Facilitator: Jesse Ellison, Contributing Editor Downeast Magazine
Organizer: Judy Gushee, Midcoast Women’s Collective


Meghan Vigeant,  Owner and Oral Historian, Stories to Tell

Meghan Vigeant (pronounced Ve jaunt) is an oral historian and writer. She studied radio documentary at the Salt Institute for Documentary Studies in 2006. She worked in public radio and conducted research for historical museums before turning her focus toward oral history work. From 2009 to 2011 she served as the Island Institute Fellow on Swan’s Island where she led the community to re-document their history after a fire, produced a series of oral histories and documentaries, and wrote Guts, Feathers, and All: Stories of Hard Work and Good Times on Swan’s Island, Maine. Four years ago she started her oral history business, Stories To Tell, to help individuals, families, and organizations save their stories as books and audio productions.

Zamzam Mohamud, Liaison to Lewiston’s Somali Immigrant Community

“ZamZam Mohamud arrived in Lewiston in November, 2001 with two small children and $40 to her name. She was among the first of a wave of immigrants from Somalia. She’s since become the first Somali immigrant on the city’s school board and emerged as a boundary-blurring local power player, a fixer, even a town father.  Shortly after arrival, ZamZam’s 8-year-old son stepped on a broken VCR, badly injuring his foot. She took him to the emergency room at Central Maine Medical Center. The nurse who helped them was struck by her command of English and the nurse asked whether she could help translate for another Somali patient. Initially, ZamZam resisted, doubting whether she’d be able to communicate medical terminology. But the hospital had asked for her help, so she said yes. That was ZamZam’s third day in Lewiston., and she’s worked for the hospital virtually ever since. She kept working on her English and started getting involved in things — all kinds of things.  Gradually, ZamZam started taking on some official roles. She was appointed to the Mayor’s Downtown Neighborhood Task Force, then the Police Department’s Civil Rights Team. In 2011, she ran for Lewiston school board as a write-in candidate. She was the runner-up, but two years later, the mayor appointed and then reappointed her to the board to fill vacant seats, making ZamZam the first Somali representative to serve the city in any official capacity.”

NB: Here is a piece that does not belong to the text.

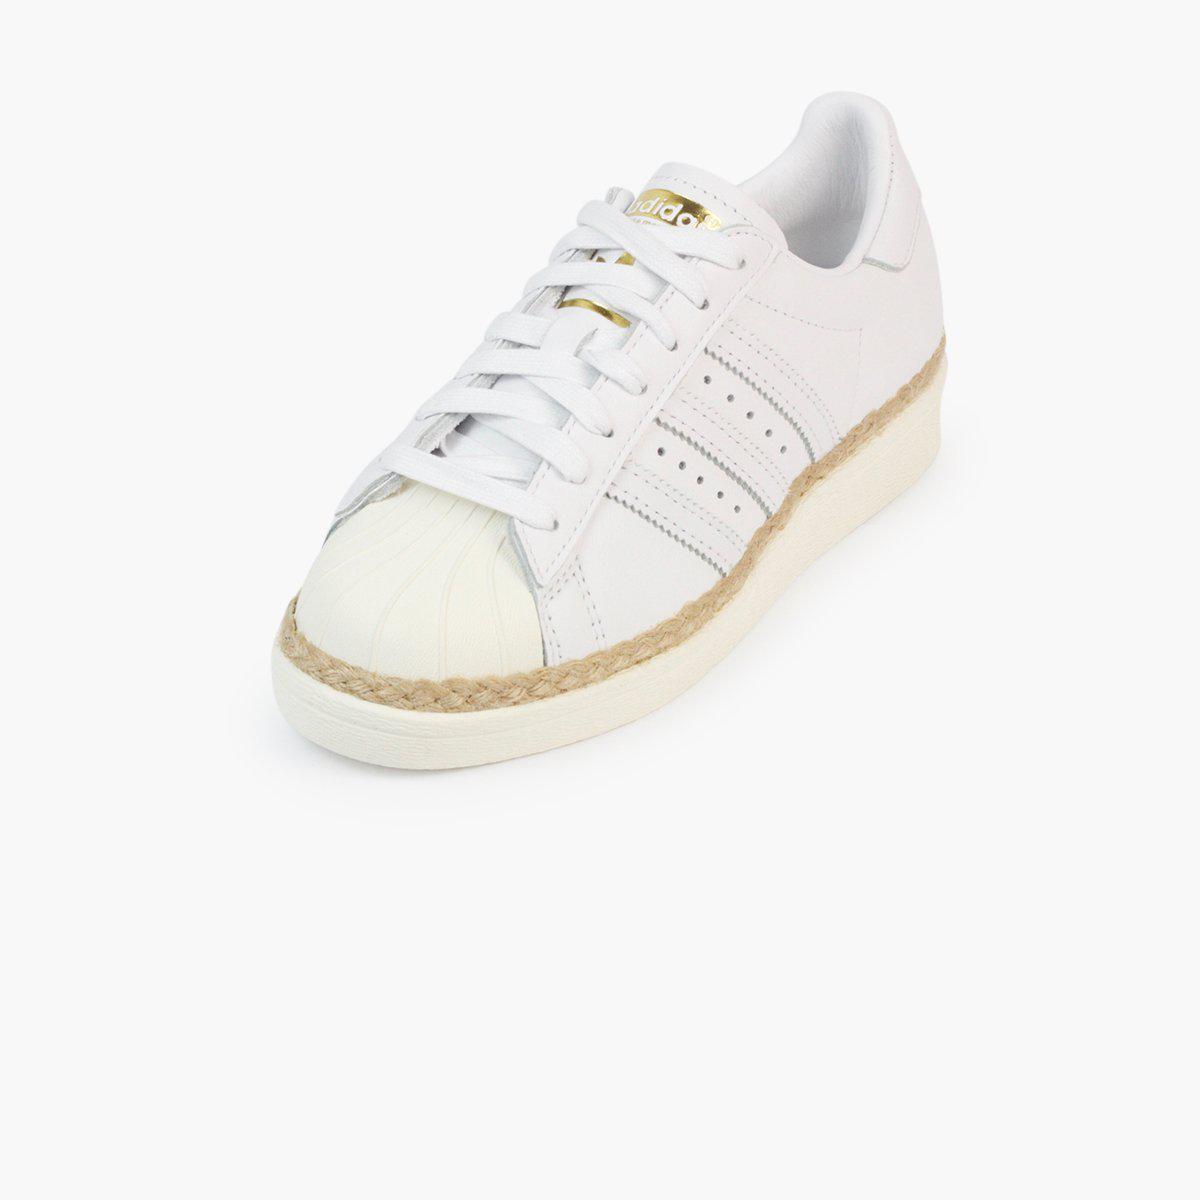 7631c8c46477 Adidas Originals - White 80 s New Bold Women s - Lyst. View fullscreen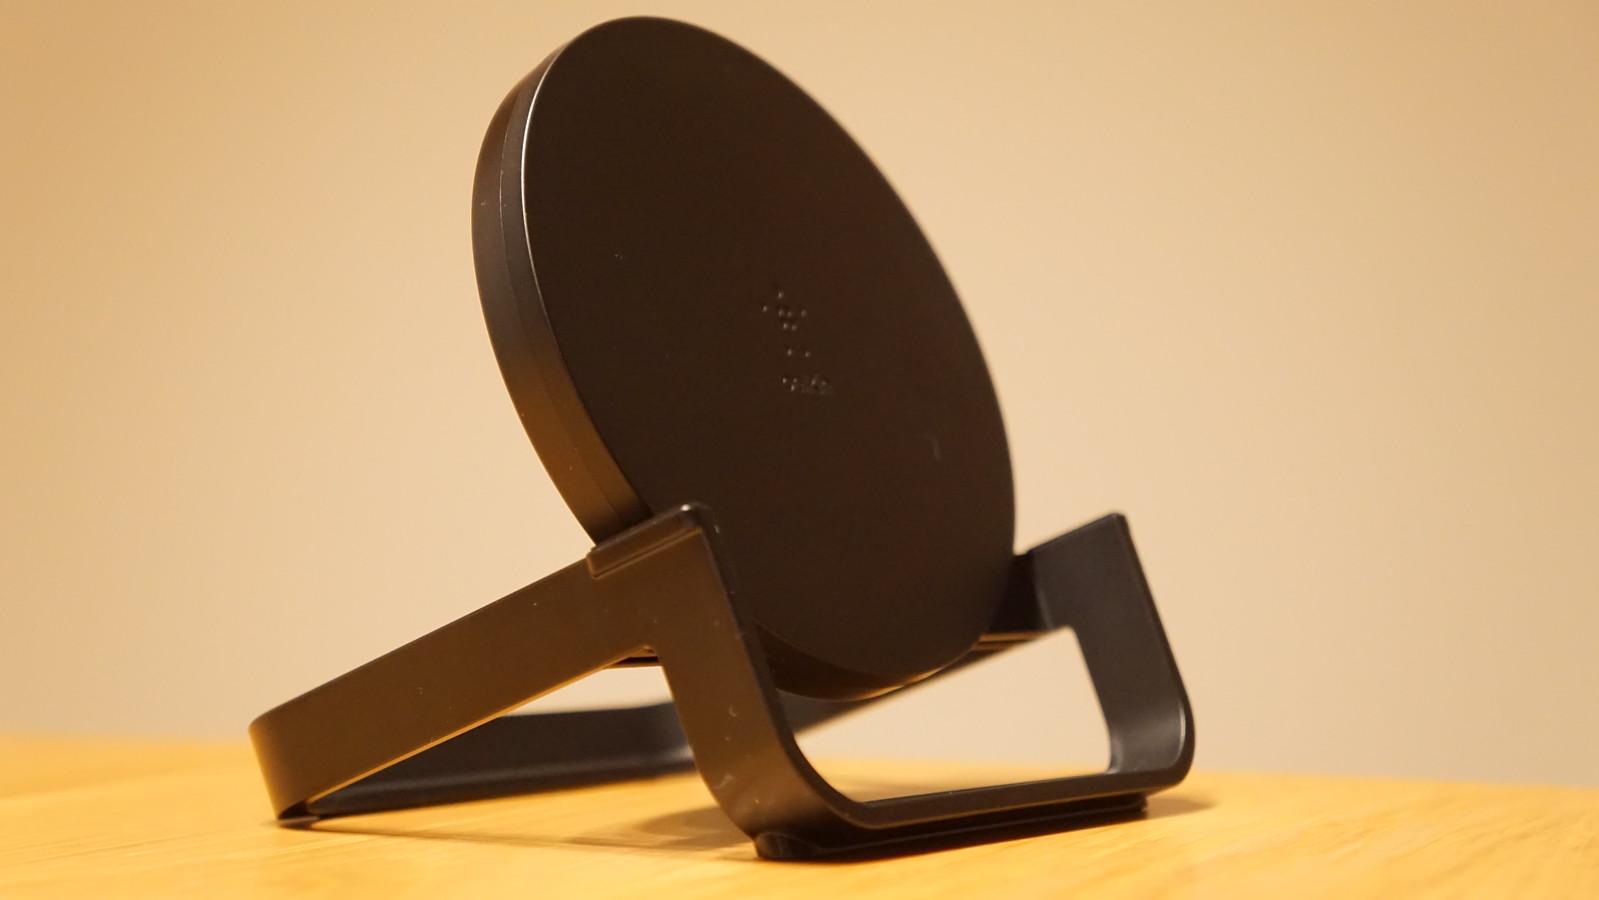 「BOOST↑UP ワイヤレス充電スタンド」のデザイン

– From DownEast Magazine, January 2016,

Kathleen Meil,  Clean Energy Advocate & 2016 Candidate for Maine House

Kathleen Meil is a clean energy advocate with a strong background in education, science, and community development. She earned a Masters in Elementary Education in 1999 and taught in public and independent schools and community organizations for a decade before beginning her work in Maine’s green economy. As Marketing Manager at Evergreen Home Performance, she educated homeowners about the environmental and economic power of energy efficiency. That sparked increasing interest and expertise in energy policy, and led her to Acadia Center, where she works to implement program initiatives on clean energy, energy efficiency, electrification, and community energy. Kathleen has been active in Rockport town government since 2011, and her 2016 campaign to represent Maine House District 94 emphasized comprehensive energy policy and environmental sustainability; strong schools and equitable education funding; and healthy, resilient communities.